Unlike most PHP frameworks, Phalcon is implemented as a web server extension written in Zephir and C, aiming to boost execution speed, reduce resource usage, and handle more HTTP requests per second than comparable frameworks written primarily in PHP.  One drawback of this approach is that root/administrative access is required on the server to install Phalcon by building a custom binary or using a precompiled one.

History 
Phalcon was created by Andrés Gutiérrez and collaborators looking for a new approach to traditional web application frameworks written in PHP. The original draft of the framework in 2011 was called "Spark", the name was later changed to Phalcon, representing the words "PHP" and "falcon".  Phalcon's initial release was made available on November 14, 2012.

Phalcon 0.3.5 includes an ORM written in C, MVC components, and cache components. This release was followed by the Phalcon 0.5.0 that brought a high-level dialect of SQL called PHQL, and Phalcon 0.6.0 that introduced Volt, a template engine similar to Jinja. Phalcon 1.0 was released on March 22, 2013. with Phalcon 1.3 being the last minor release in that series.  Phalcon 2.0 saw most of the project ported from C to Zephir.

v3 
Phalcon 3.0.0 was released on 29 July 2016, this major release includes support for PHP 7 as well as being Phalcon's first LTS (Long Term Support) release. Phalcon also adopted SemVer for their next releases versioning.

v4 
Phalcon 4.0.0 was released on 21 December 2019, this major release includes support for PHP 7.2, 7.3 and 7.4 has stricter Interfaces and support PSR-3, PSR-7, PSR-11 (proxy), PSR-13, PSR-16, PSR-17.

v5 
On 19 August 2020, it was announced that Serghei Iakovlev, one of the core contributors on the Zephir language was stepping down from the project. Antonio Braga and Kleber Faustino took over the maintenance of Zephir as well as the Zephir Parser, providing much needed support and fixes to long standing bugs. Nikolaos Dimopoulos took over the full maintenance of Phalcon.

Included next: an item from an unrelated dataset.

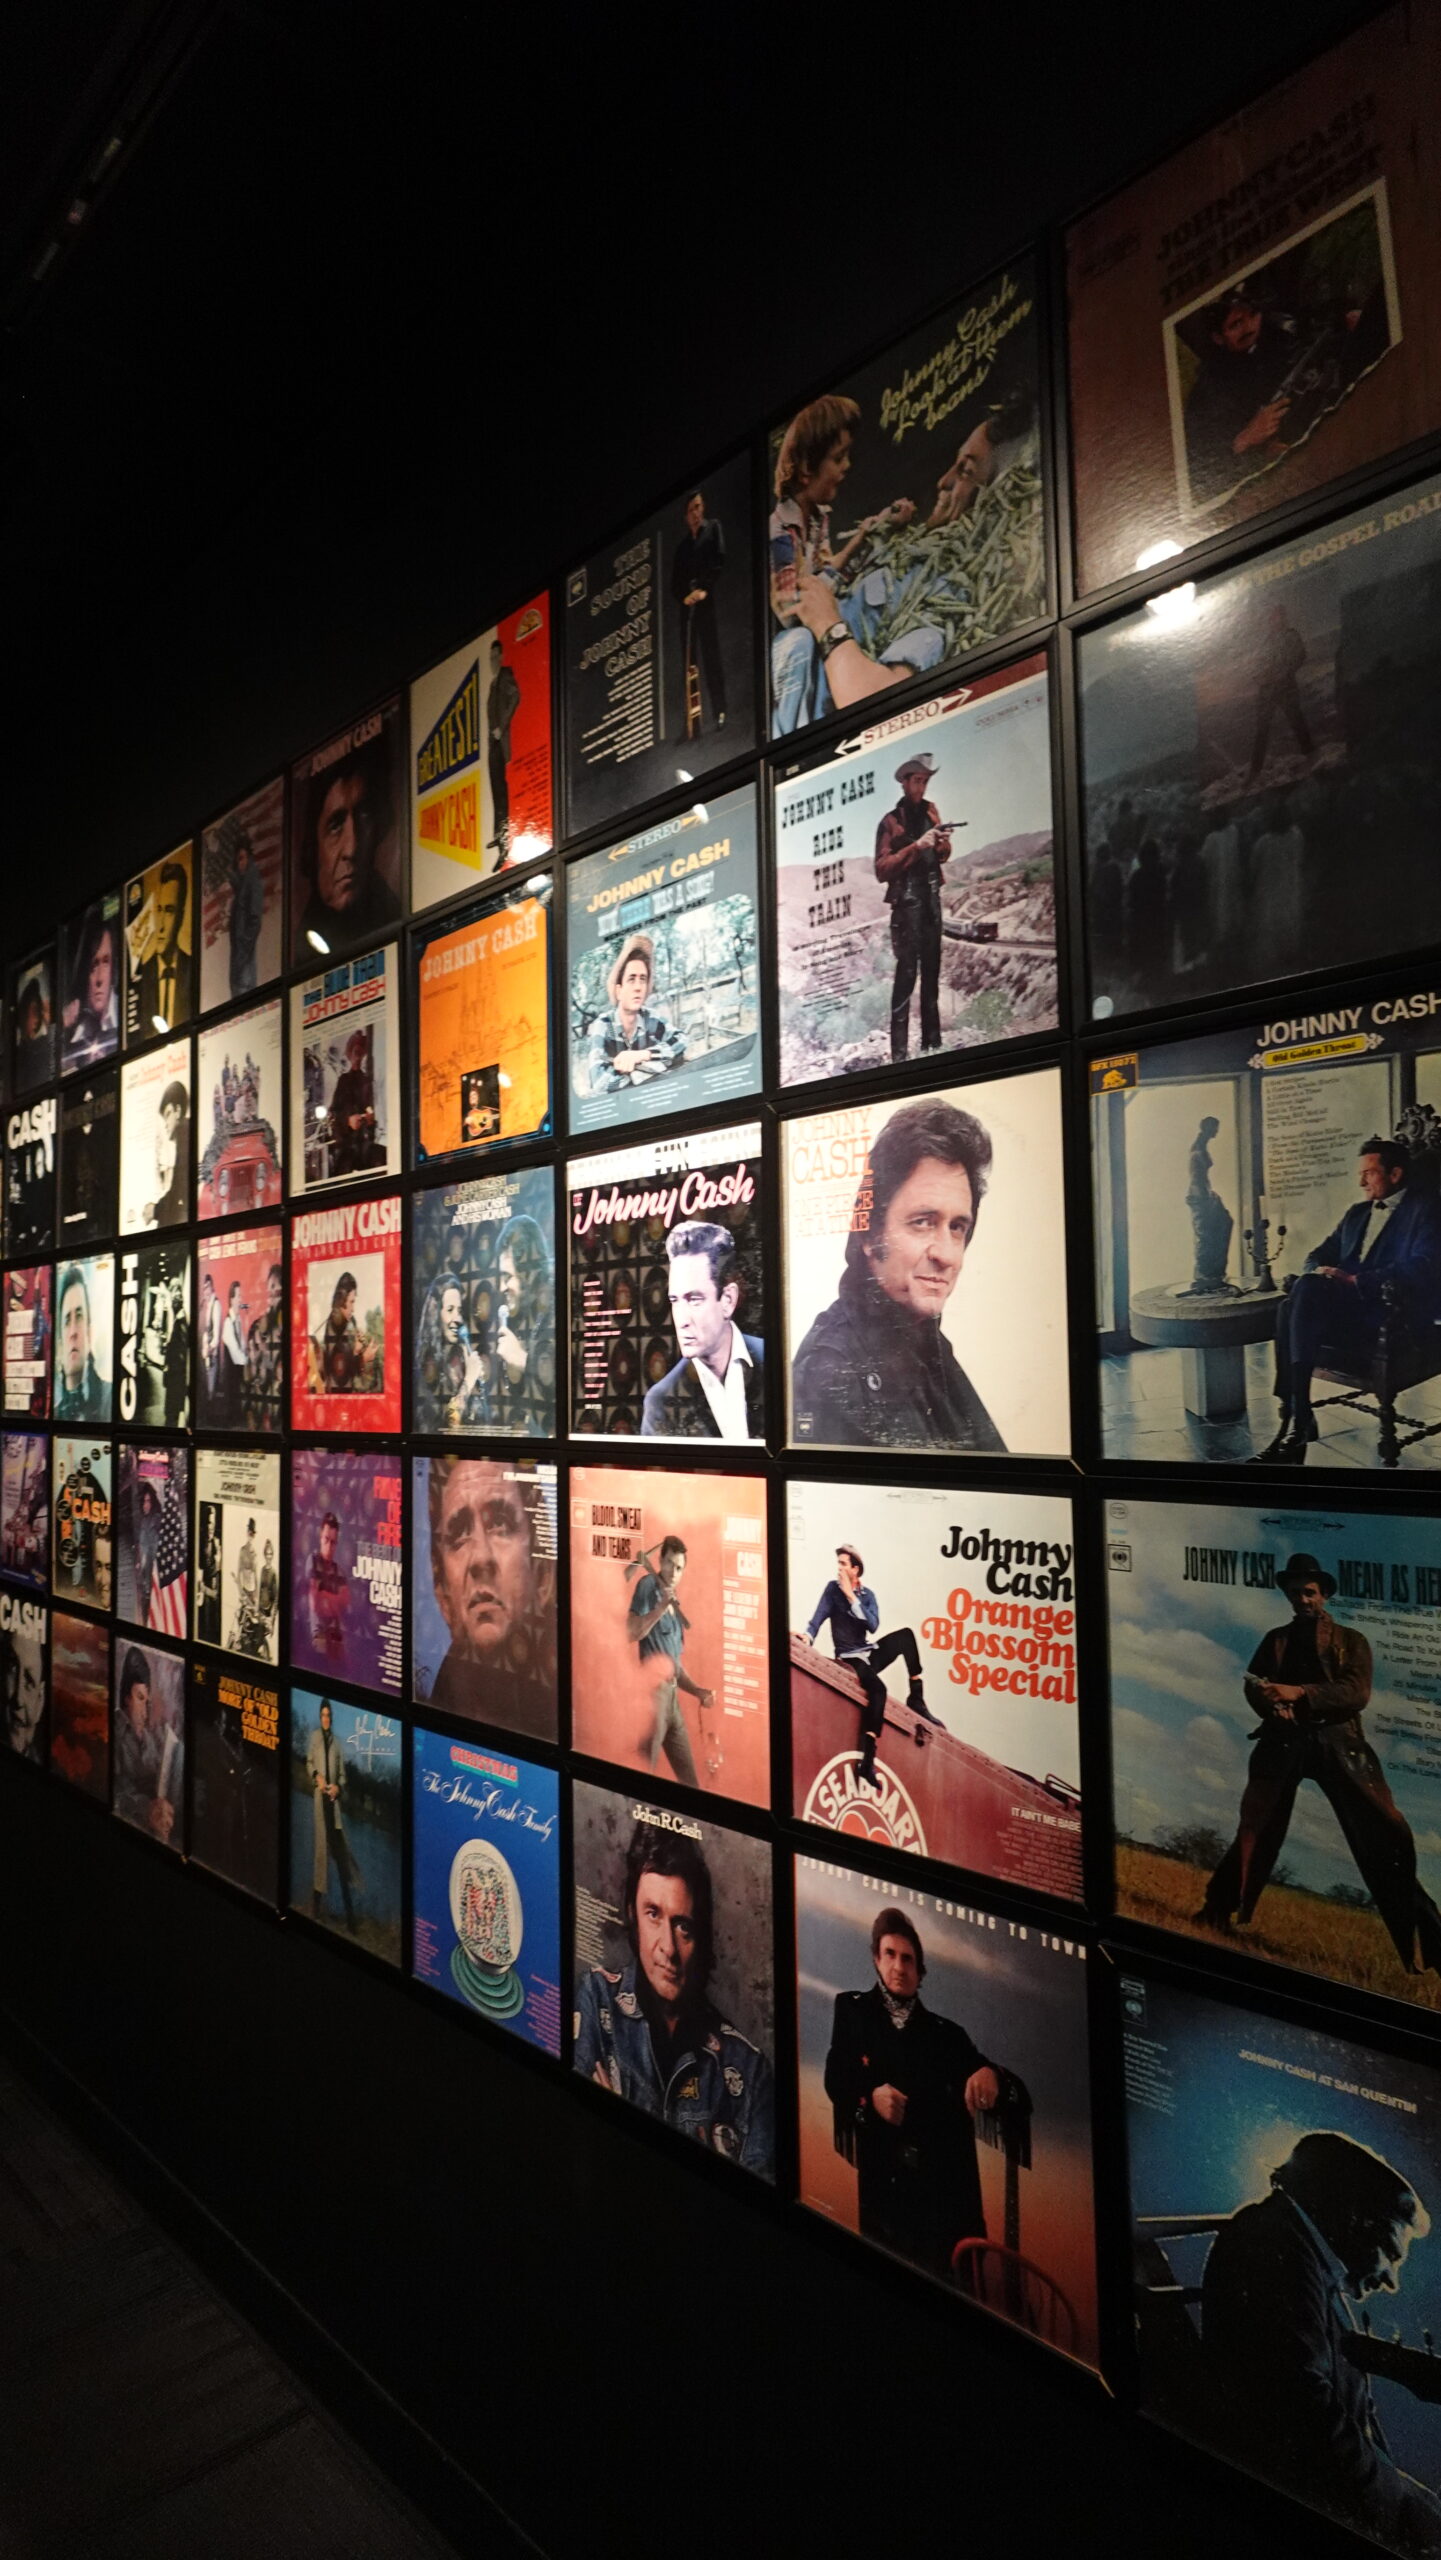 Johnny Cash museum in Nashville. Shows a wall of albums

The team decided to change direction, offering v5 as a PHP extension with support for PHP 7.4 and 8.0+. For v6, Phalcon will be offered as a pure PHP implementation and will support PHP versions 8.0+. However, there will also be an extension available, for those that need extra performance. The new extension will work in parallel with v6.

In v5, support for PSR interfaces has been removed. Repositories with proxy classes that implement PSR were made available for those that need these classes. Additionally, the Packagecloud repositories have been discontinued, leaving PECL the official installation source for Phalcon (other than building it from sources).

During a Phalcon Hangout on 6 September 2020, the team announced that work has started on Phalcon 5. With this announcement, the projects new repositories were officially made public.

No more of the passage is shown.